# Beau the Magic Poodle's Miami for Summer 2012



## LEUllman (Feb 1, 2010)

Beau got groomed today, and boy did he need it! He had to miss his last appointment, which meant going seven weeks between grooms. (He did have a bath in the middle, though.) He was so fluffy before, and so svelte now, my daughter came home from school and said "Where is the rest of him?" 

I can hardly wait to watch those poms bop along when we go on tonight's walk . . . .


----------



## Countryboy (May 16, 2011)

LEUllman said:


> I can hardly wait to watch those poms bop along when we go on tonight's walk . . . .

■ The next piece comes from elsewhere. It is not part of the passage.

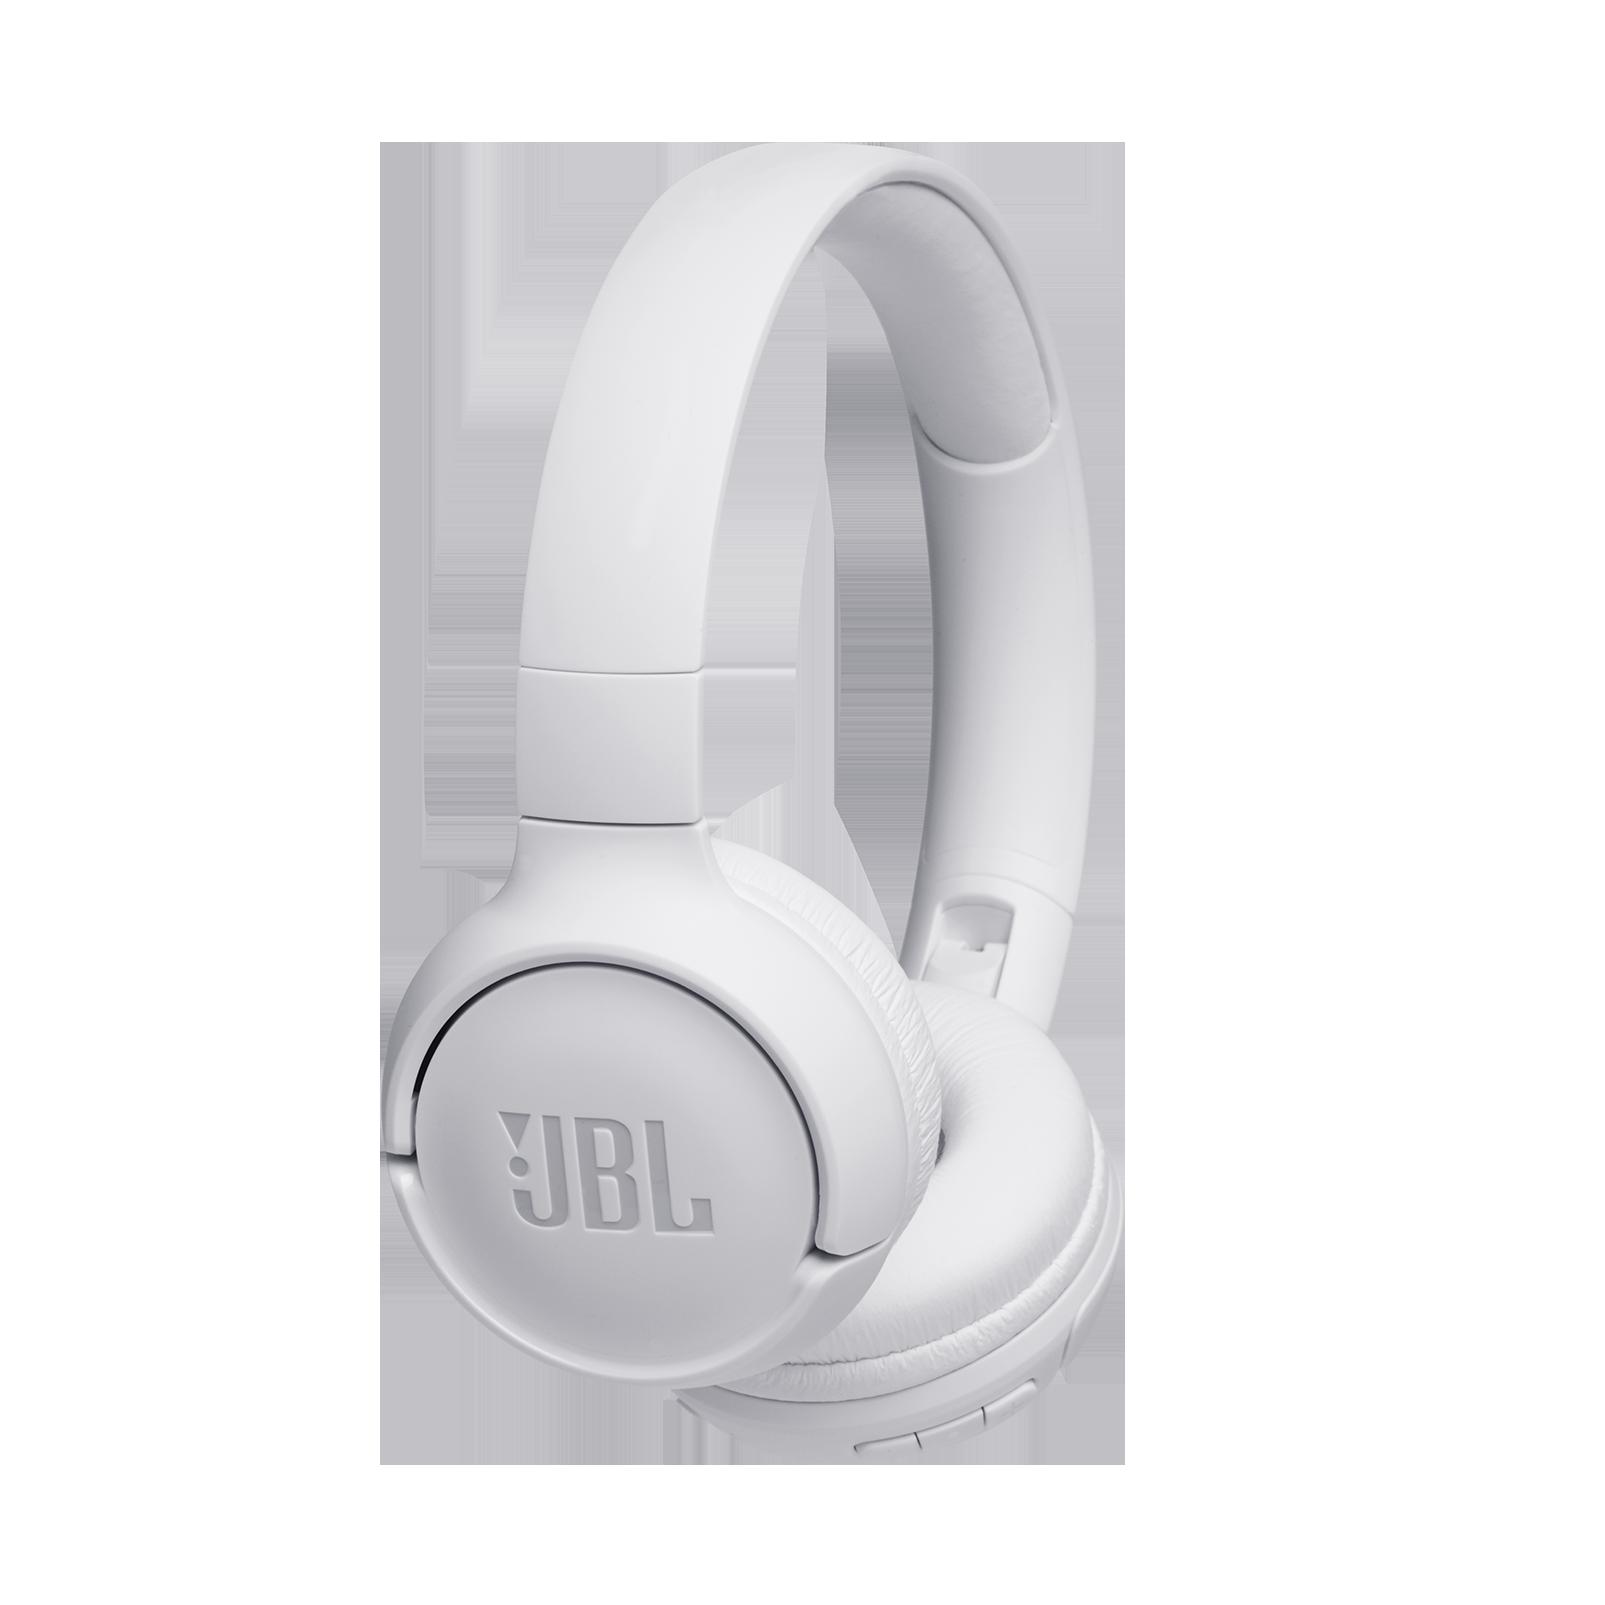 JBL TUNE 560BT - White - Wireless on-ear headphones - Hero

I think he'll be turning a LOT of heads!


----------



## schnauzerpoodle (Apr 21, 2010)

Beau is so handsome! Nickel will be getting his Miami trim next week.


----------



## ArreauStandardPoodle (Sep 1, 2009)

Beau is such a handsome little dude! He looks terrific!


----------



## liljaker (Aug 6, 2011)

Ok, so perhaps that is what my boy Sunny might look like in a Miami, eh? I think they are somewhat similarly sized ---- Beau looks just great!!!! My groomer really does not like the Miami, but I will get one for sure!


----------



## petitpie (Nov 16, 2011)

Beau always looks fabulous and very fabulous, now! I love your stories about him, too.


----------



## sandooch (Jan 20, 2011)

I've always love Beau in his Miami. I'll bet he feel nice and cool now.


----------



## annadee (May 15, 2012)

What a gorgeous boy, can definitely picture him proudly strutting his stuff on his walk!


----------